---- MATERIAL PROVIDED
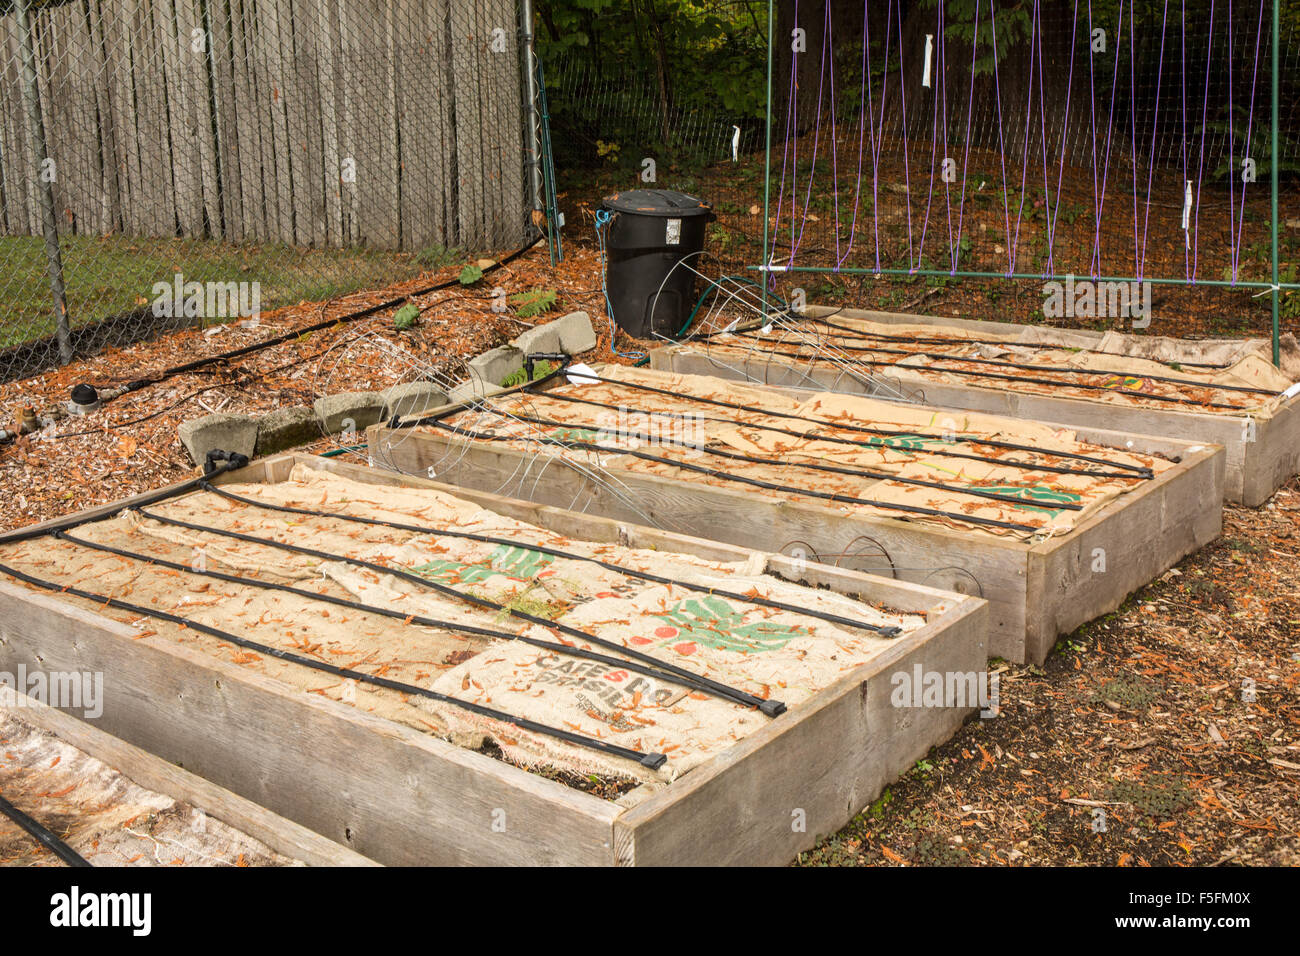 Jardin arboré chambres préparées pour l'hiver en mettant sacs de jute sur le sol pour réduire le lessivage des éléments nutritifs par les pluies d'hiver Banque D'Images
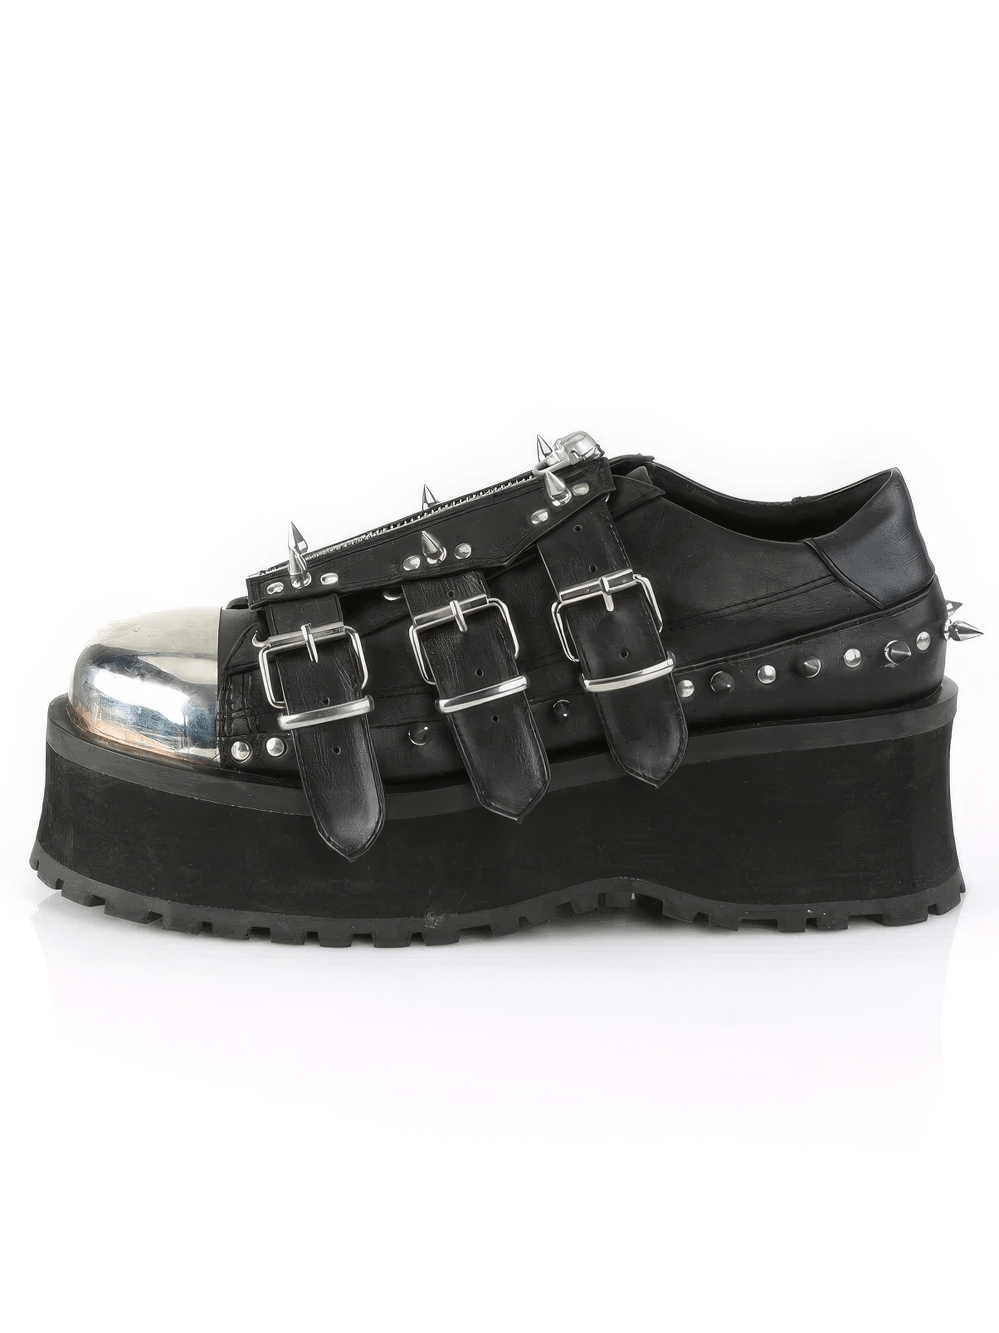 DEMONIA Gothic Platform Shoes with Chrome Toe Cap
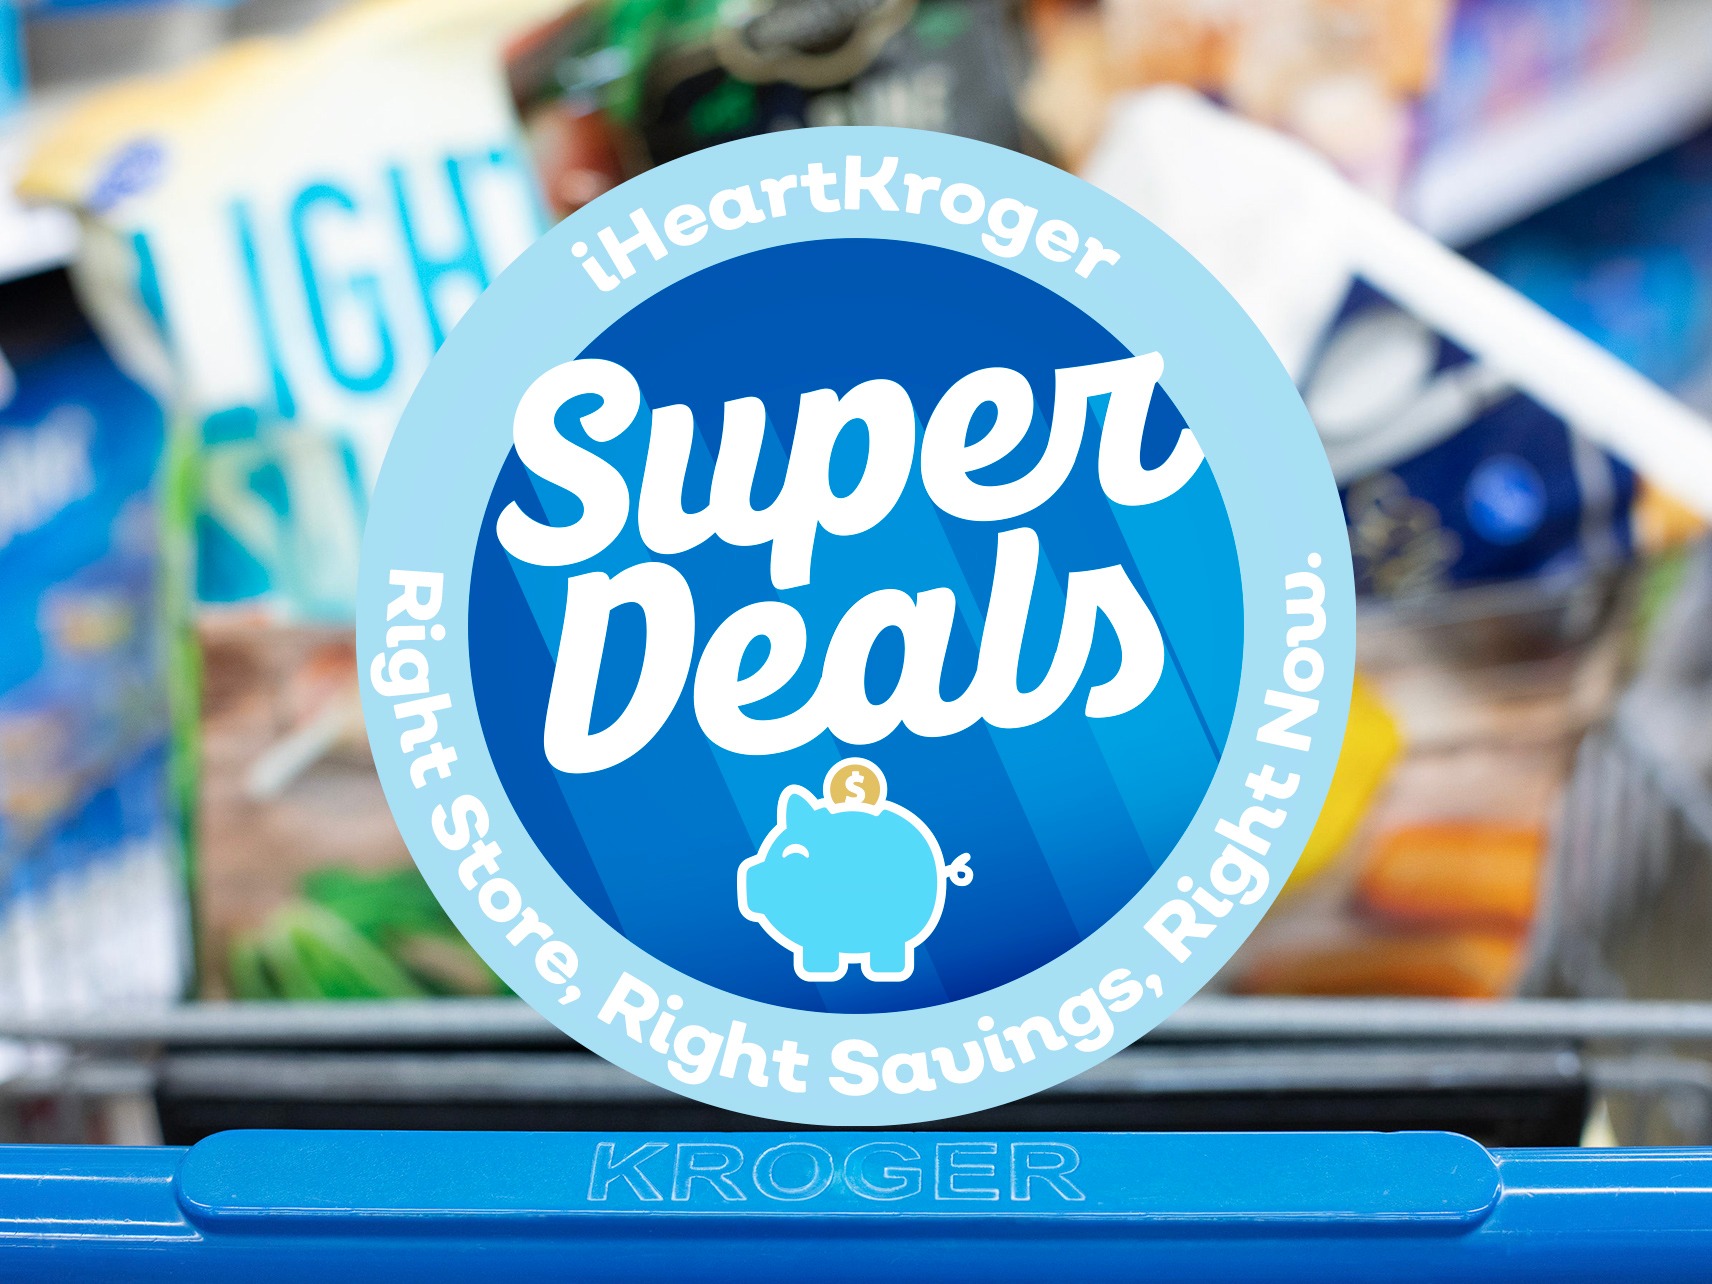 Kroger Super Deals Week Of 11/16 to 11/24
--------
Every line above should be returned exactly; the pictures stay out.

• _YOUR SOLUTION_:
 Jardin arboré chambres préparées pour l'hiver en mettant sacs de jute sur le sol pour réduire le lessivage des éléments nutritifs par les pluies d'hiver Banque D'Images
 DEMONIA Gothic Platform Shoes with Chrome Toe Cap
 Kroger Super Deals Week Of 11/16 to 11/24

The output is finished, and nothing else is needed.